OSLO (Reuters) - Sea levels could rise 50 cm (20 inches) more this century than had been expected, according to a report published on Wednesday which found that Antarctic ice will melt faster than previously thought.
Climate scientists at two U.S. universities said the most recent U.N. report on the effects of global warming had underestimated the rate at which the ice covering the continent would melt.
That report, issued in 2013, said the worst case of man-made climate change would mean a sea-level rise of between 52 and 98 cm by 2100. The new study suggests the real rise could be 1.5 meters (5 ft), posing an even greater threat to cities from New York to Shanghai.
“This could spell disaster for many low-lying cities,” lead author Robert DeConto at the University of Massachusetts, Amherst, said in a statement of the findings published in the journal Nature.
“For example, Boston could see more than 1.5 meters of sea-level rise in the next 100 years.”
The study, partly based on sea level evidence in a natural warm period 125,000 years ago, said ice from Antarctica alone could cause between 64 cm and 114 cm of sea level rise by 2100 under the worst U.N. scenario for greenhouse gas emissions.
One of the factors that has was underestimated in the U.N. reports, which envisage most Antarctic ice remaining frozen, is a process known as “hydro fracturing” whereby pools of meltwater on ice shelves seep deep into the ice, refreeze and force vast chunks of ice to crack off. That could make ice on land in Antarctica slide faster into the sea.
Anders Levermann, an expert at the Potsdam Institute for Climate Impact Research who was not involved in the study, welcomed the findings as a spur to research hydro fracturing in Antarctica.

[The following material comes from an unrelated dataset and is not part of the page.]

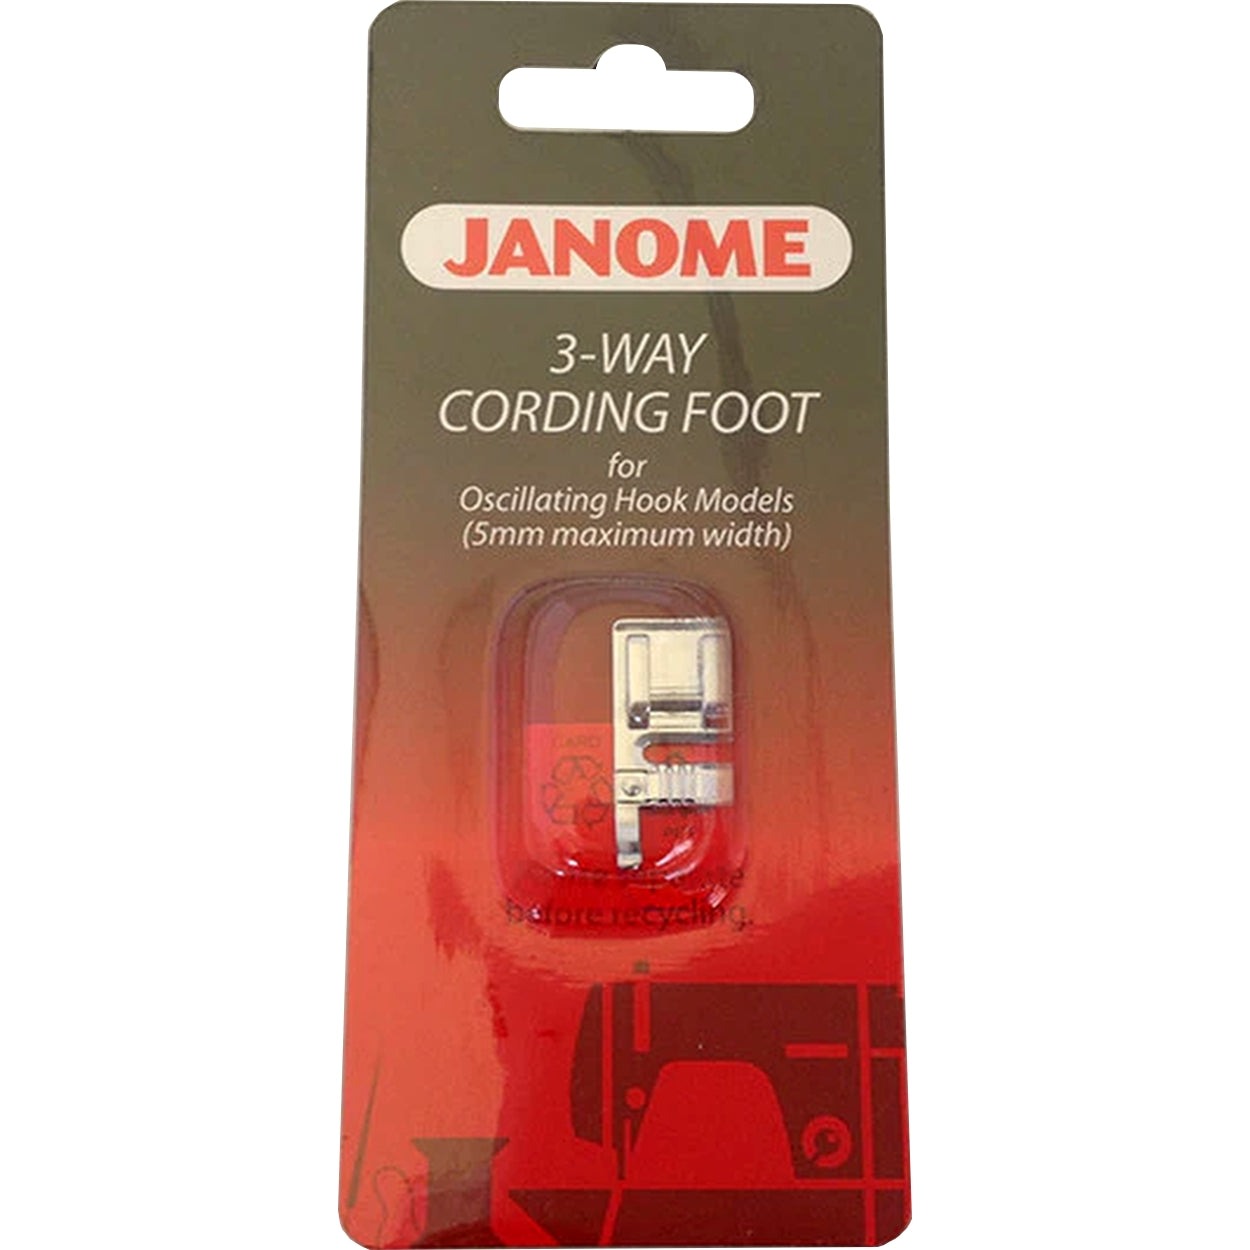 3 way cording foot - Front load Janome from Jaycotts Sewing Supplies

Several other studies have highlighted risks of rising seas. Former NASA scientist James Hansen suggested on March 22 that there could be “several meters” of sea level rise in the coming century.
But Levermann dismissed Hansen’s findings.
“It’s plain wrong,” he told Reuters of Hansen’s assumption that the rate of sea level rise could repeatedly double in coming decades.
Wednesday’s study projected that Antarctica could contribute more than 13 meters of sea level rise by 2500 if the air and oceans keep warming.
A global agreement to cut greenhouse gas emissions, reached at a 195-nation summit in Paris in December, is meant to help limit the rise is sea levels and other potentially disastrous effects of climate change.
But even if the cuts are fully implemented, they will not completely halt global warming, scientists say. Seas have risen about 20 cm since 1900, according to U.N. studies.